In the other hand, previous reports demonstrated that GLY is geno- and cytotoxic herbicide by the induction of micronucleus (MNs) in circulating erythrocytes from amphibian tadpoles as a consequence of GLY treatments (Meza-Joya et al. 2013; Yadav et al. 2013; Bosch et al. 2011; Clements et al. 1997). The exact mechanism of the genotoxic effects of glyphosate or its formulations is not known (Yadav et al. 2013). These authors reported that formulation of glyphosate used in his works has a clastogenic effect in anurans, agreeing with the report of Clements et al. (1997). The MNs assay is employed worldwide as genotoxic bioassay to detect small chromosomal fragments, i.e., acentric fragments and chromatid fragments, induced by clastogens or vagrant chromosomes produced by aneugens (Fenech, 2007; OECD, 2007). Despite the lack of knowledge about the mode of action of GLY, some authors mentioned that elevated levels of reactive oxygen species and/or depressed antioxidant defenses may result in DNA oxidation and increased steady-state levels of unrepaired DNA, which is a well-known process underlying genotoxicity, in particular in the context of environmental genotoxicants (Azqueta et al., 2009).
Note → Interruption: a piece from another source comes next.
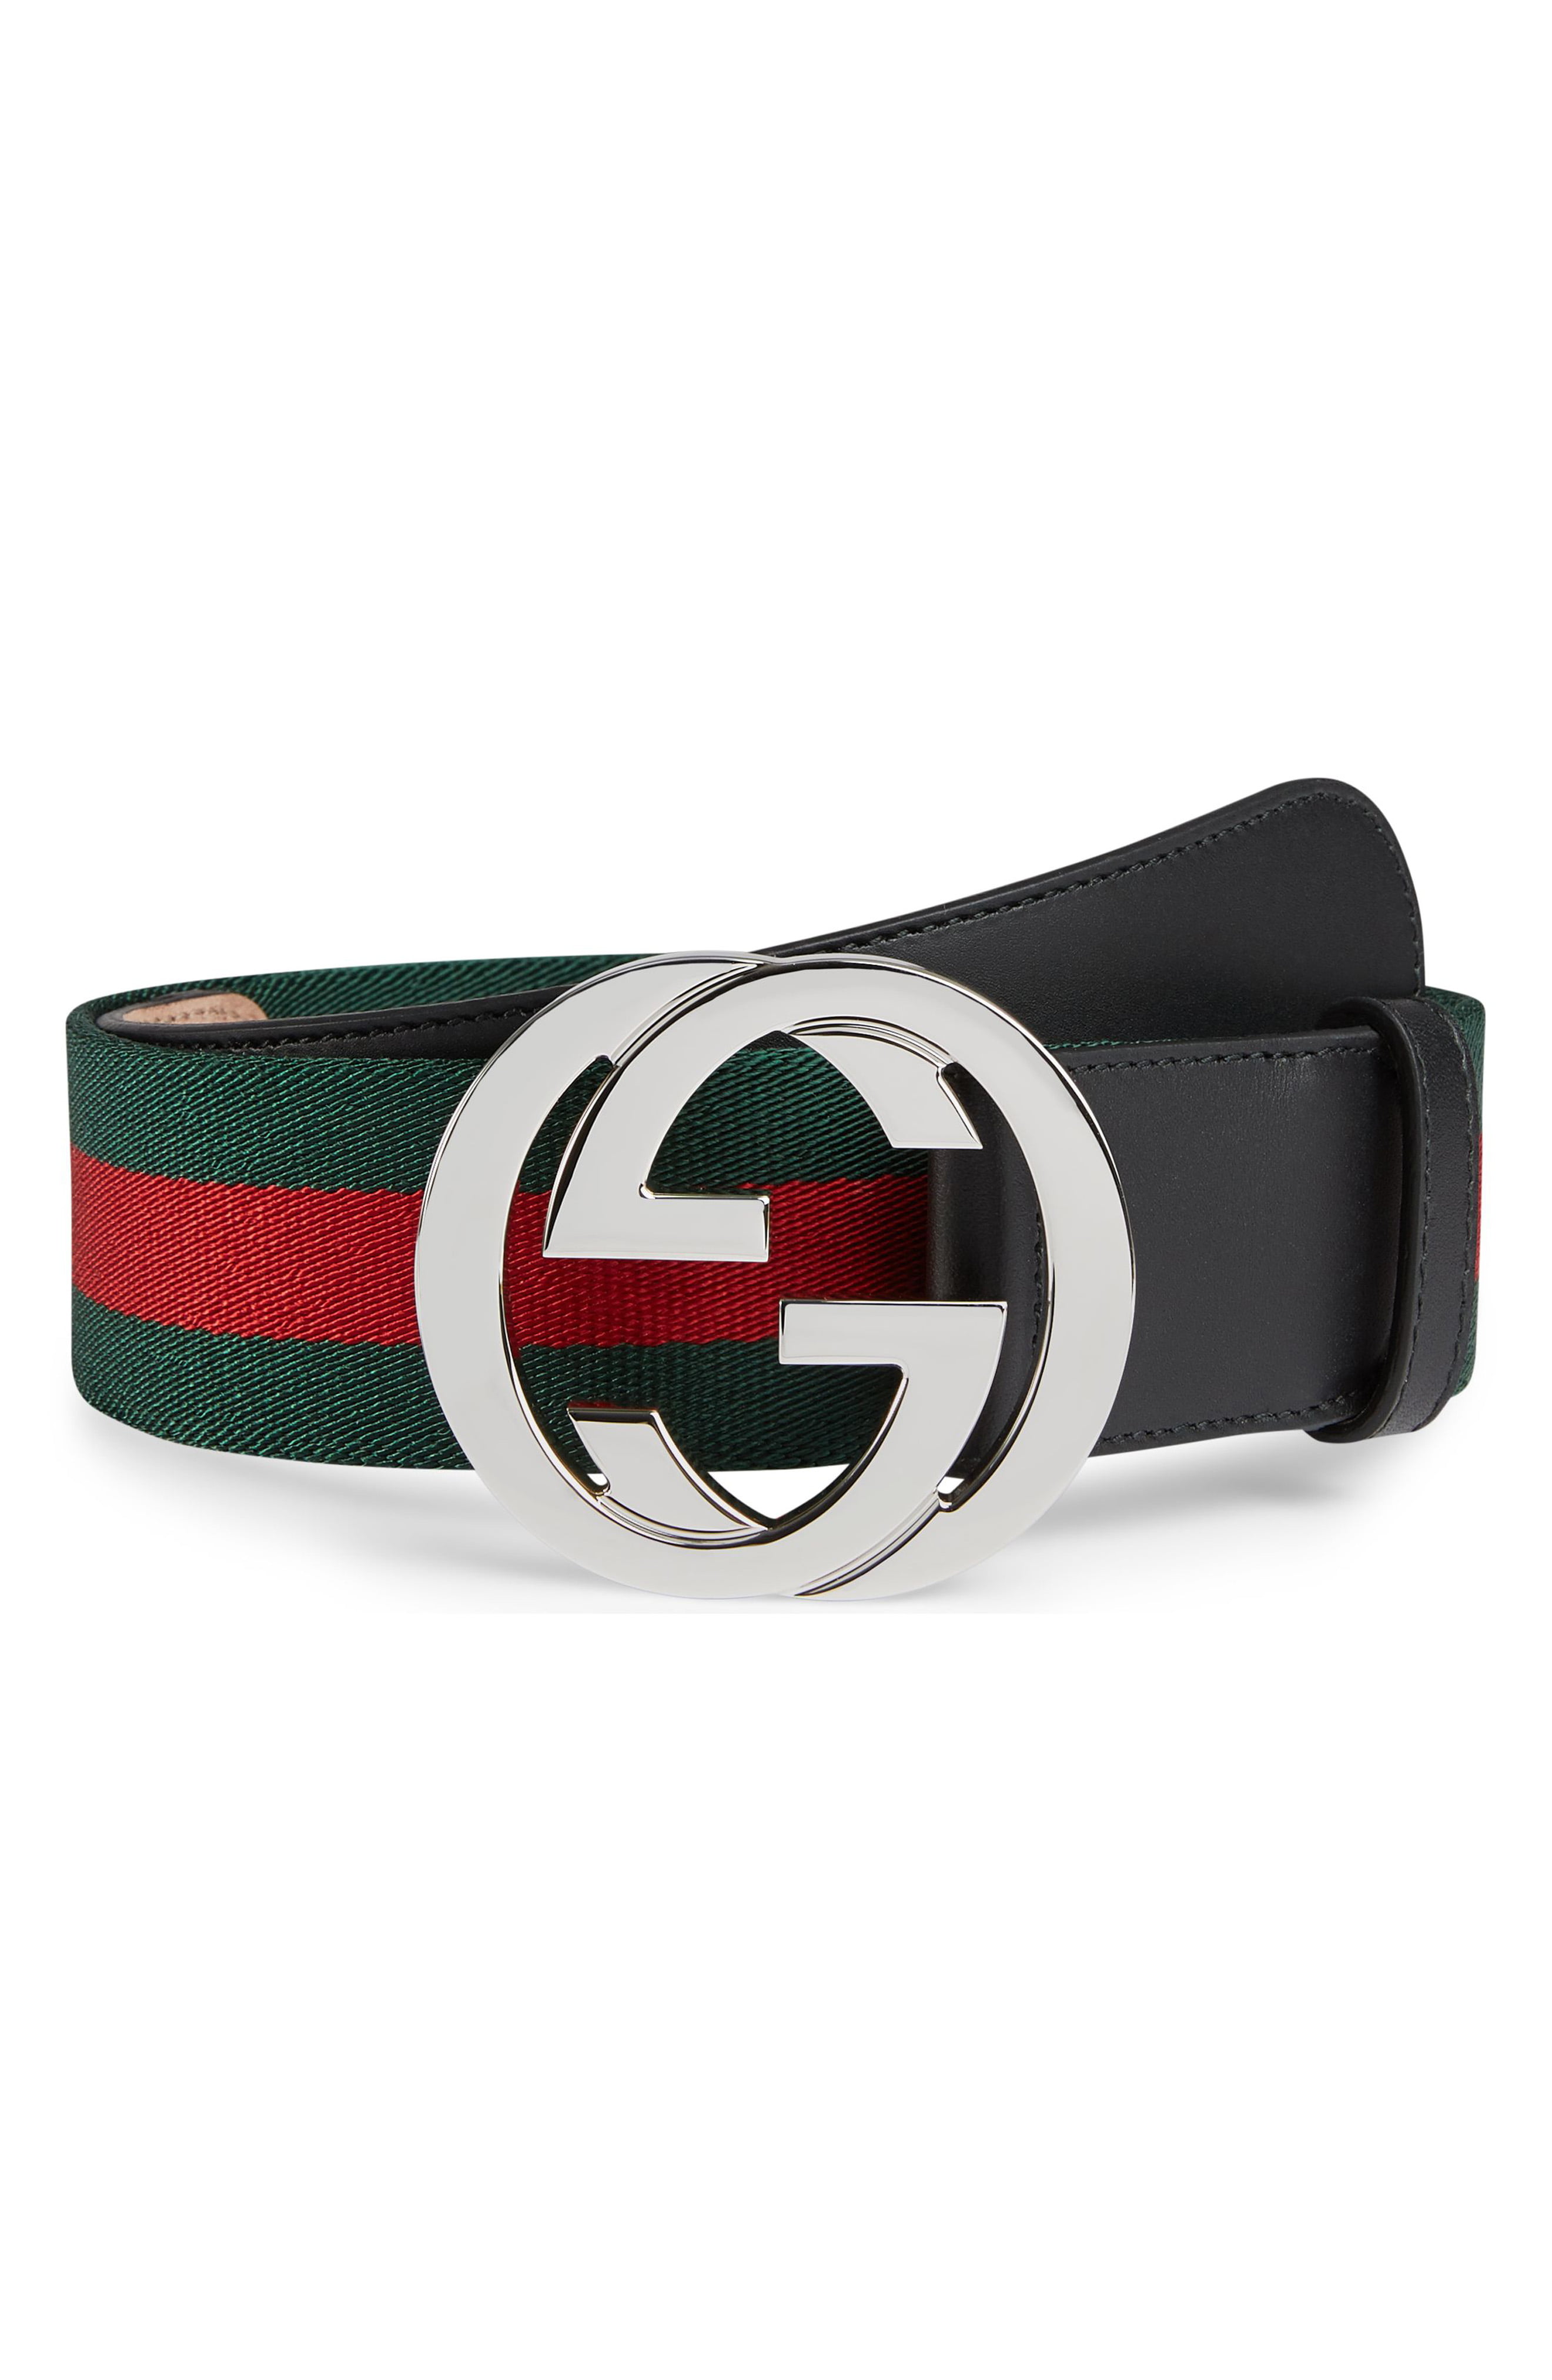 gucci belt real price

Since MMCs acts in the detoxification of pollutants and GLY can alter melanin vesicles transport in skin pigmented cells; we hypothesized that the melanin present in liver melanomacrophages should increase after endogenous administration of pure glyphosate in Leptodactylus latinasus by increased liver detoxification action that produce free radical and this radicals can be neutralized by melanin. The effects of pure glyphosate (administered intraperitoneally) in hepatic MMCs of L. latinasus were evaluated in this study for the first time by assessing the changes in the melanin pigmented area occupied on melanomacrophages cells, beyond the area occupied by catabolic substances (e.g., hemosiderin and lipofuscin) and the presence of MNs and other nuclear abnormalities in erythrocytes were evaluated since geno- and cytotoxic effects of GLY is known. Then, we aim to describe systemic effects of GLY in anuran particularly at histological level.
Materials and methods
Chemicals
For the bioassays, 99 % purity grade GLY (CAS 1071-83-6) was kindly provided by GLEBA S.A., Argentina. The historesin used in bioassays came from the Leica Historesin embedding kit. All other chemicals and solvents of analytical grade were purchased from Sigma-Aldrich Chemical Co.
Anuran specie
Leptodactylus latinasus (Jiménez de la Espada, 1875), is a medium-sized anuran (28–40 mm) dispersed in diverse environments between 0 and 600 m above sea level (i.e., coastal, Pampean grasslands, agroecosystems) throughout Argentina. L. latinasus lives in holes and lays eggs in a foam nest where tadpoles begin their development and emerge when it is inundated by rains or overflowing brooks. The primary route of exposure to pollutants in agricultural habitats is via skin contact with soil or water, direct application or ingestion of insects. Populations of this species are stable, ranked as non-threatened (Vaira et al. 2012; IUCN, 2013), and are easily maintained under lab conditions.
Source of organisms
Specimens of L. latinasus were collected from a temporary and unpolluted environment, free of agricultural practices, during breeding season in Argentina outside the city of La Plata, Buenos Aires Province (35° 00ʹ 12″ S, 57° 52ʹ 06″ W). All specimens were collected with the permission of the Flora and Fauna Direction from the Buenos Aires Province (code22500-22339/13). Adult males of L. latinasus (N = 20) were collected and transported to the laboratory, and then were weighed (weight average, 3.58 g) and measured a snout-vent length (average, 33.61 mm), posterior acclimated to 16:8-h light/dark cycles in aquaria at 25 °C, and then transferred to 2800-cm3 glass containers with water. The acclimation period lasted 7 days without food (temperature, 25.0 ± 1 °C; photoperiod 16:8 h).
Acute exposure bioassay
Experiments for toxicity assessment were performed using four treatments (N = 5 per treatment): control (received only Ringer’s solution) and 100, 1000, and 10,000 μg/g of 99 % GLY. For each treatment, technical-grade GLY was dissolved in amphibian Ringer’s solution (125 nM NaCl, 3 nM KCl, 10 nM CaCl2, 1 L TRIS buffer; Sigma-Aldrich). Treatments were administered via intraperitoneal injection (IP) with a single-dose (e.g., 1 μL/g; Wright 2006; McComb et al. 2008). These concentrations were adapted from subchronic toxicity studies in mammals (Williams et al. 2000), and based on maximum GLY solubility where no effects were detected and a logarithmic scale was applied to make a screening effect. After the treatment, each organism was kept separately in a glass container with water, and without food during the experimental time (e.g., 48 h).
Specimen processing
After 48 h from the initial acute exposure, the specimens from each treatment were weighed (0.001 g precision scale) and measured with a digital caliper (0.01 mm precision). All specimens were anesthetized, euthanized by freezing, and dissected according to directives and protocols detailed in the Guide for Care and Use of Laboratory Animals (National Research Council, 2011).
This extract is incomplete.